Amadeo de Souza-Cardoso, Procissão
Corpus Christi, óleo sobre madeira, 1913
Amadeo,
em carta a Lucie diz-lhe: ”Acabei uma
tabuíta que me parece de bastante interesse: uma procissão em S. Gonçalo de
Amarante. As cores são muito vivas mas tudo está em relação.”

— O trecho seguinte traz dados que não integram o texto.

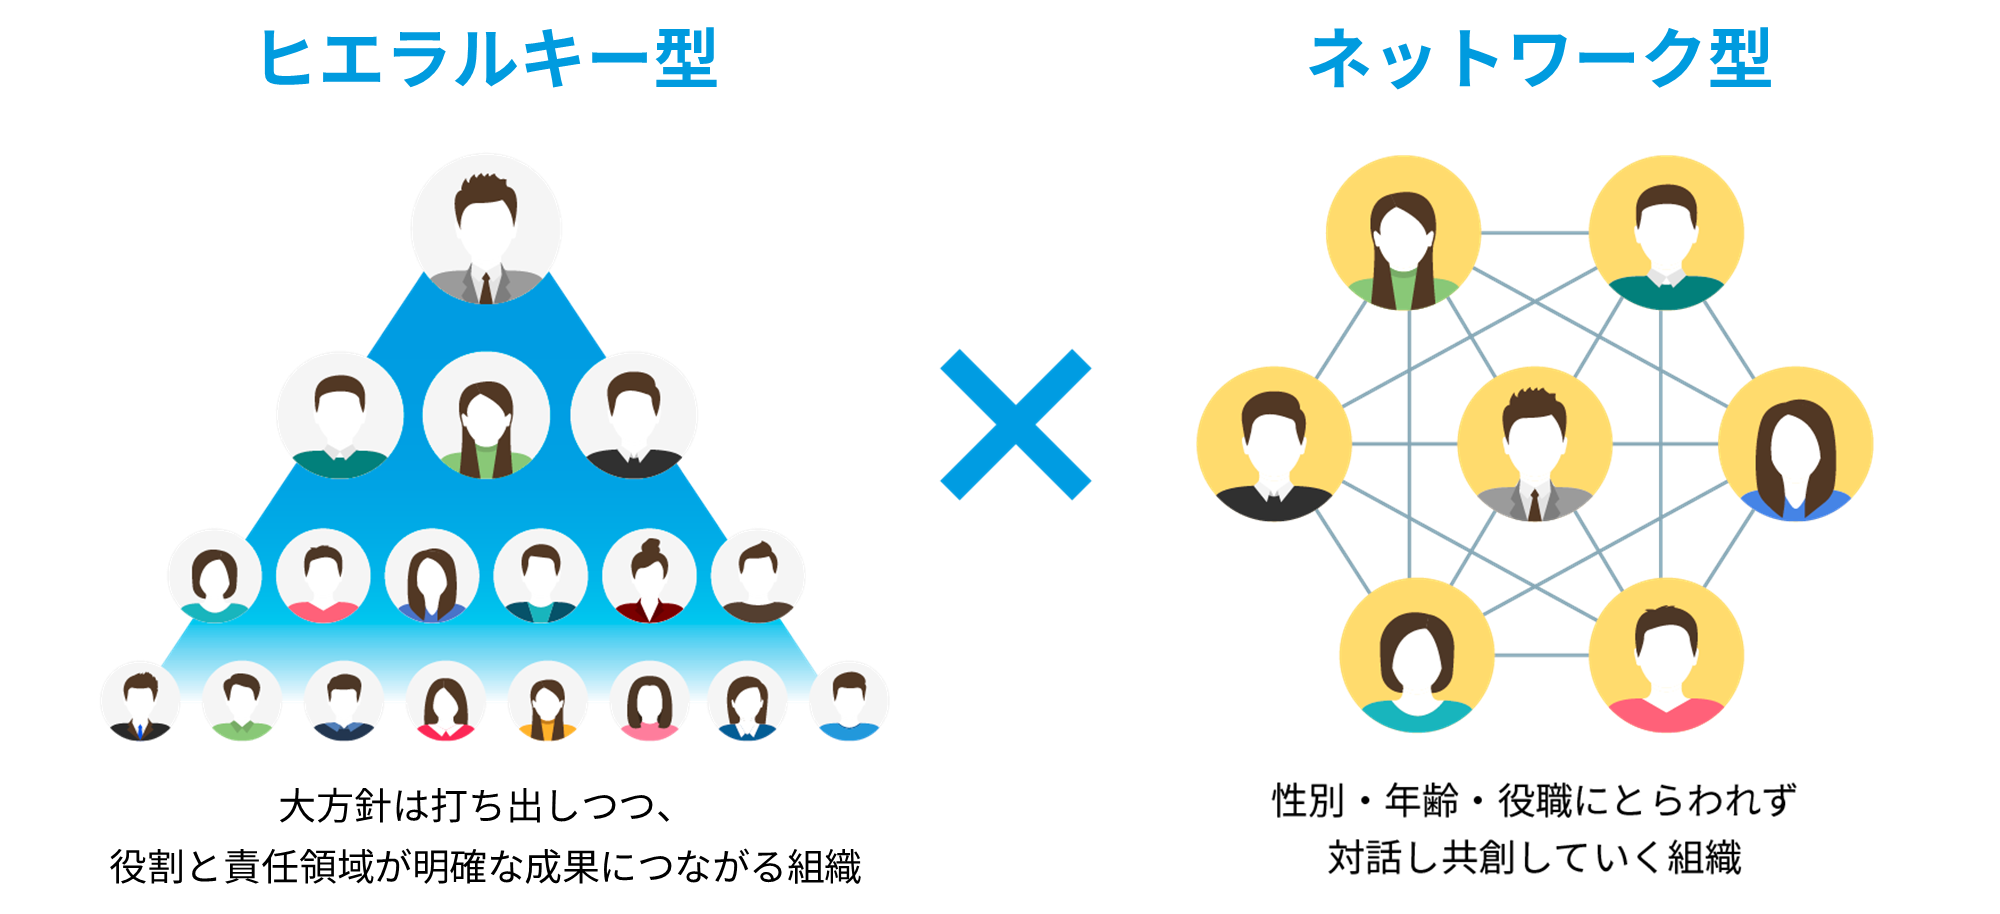 一人一人の個性を十分に仕事に発揮できるよう、プロジェクトごとに各部門からふさわしいメンバーを集め、チーム一丸となって取り組む「ネットワーク型」を採用しています。

Amadeo de Souza-Cardoso, Cozinha da
Casa de Manhufe,1913
Do
cubismo, afirmou: ”O cubismo é uma
caligrafia mental e literária.”
E esta
Cozinha de Manhufe é ou não é um verdadeiro poema sensitivo, em traço caligráfico
vigoroso, determinado, literário?
Amadeo
teve um tempo de vida muito curto, mas viveu-o intensamente. Pediu compreensão
a Lucie para o seu “difícil” temperamento, que tal como a sua obra “teve mais
fases que a Lua.” Viveu a vida a uma velocidade futurista, em diversificações e
experimentações que quis únicas e muito suas. E também se justificou por isso:
“Há gente que chama ao meu estado uma
pretensão para sair fora do vulgar-que pensem o que queiram, indiferente me
é-eu tenho as minhas razões e bastam. Eu sei o que agrada em geral-eu na
generalidade desagrado. Até certo ponto não é menos lisonjeiro.”
Rosa
Maria Alves da Fonseca
E não é que ele estava certíssimo? Amo este Amadeo de paixão!
ResponderEliminarExcelente post!
Excelente texto, sobre Amadeo de Souza-Cardoso!!! O primeiro Pintor Modernista Português. Amarantino! Gosto muito das pinturas de Amadeo, principalmente, a Procissão em S. Gonçalo de Amarante... "as cores são muito vivas mas tudo está em relação". Lindíssimo! Parabéns.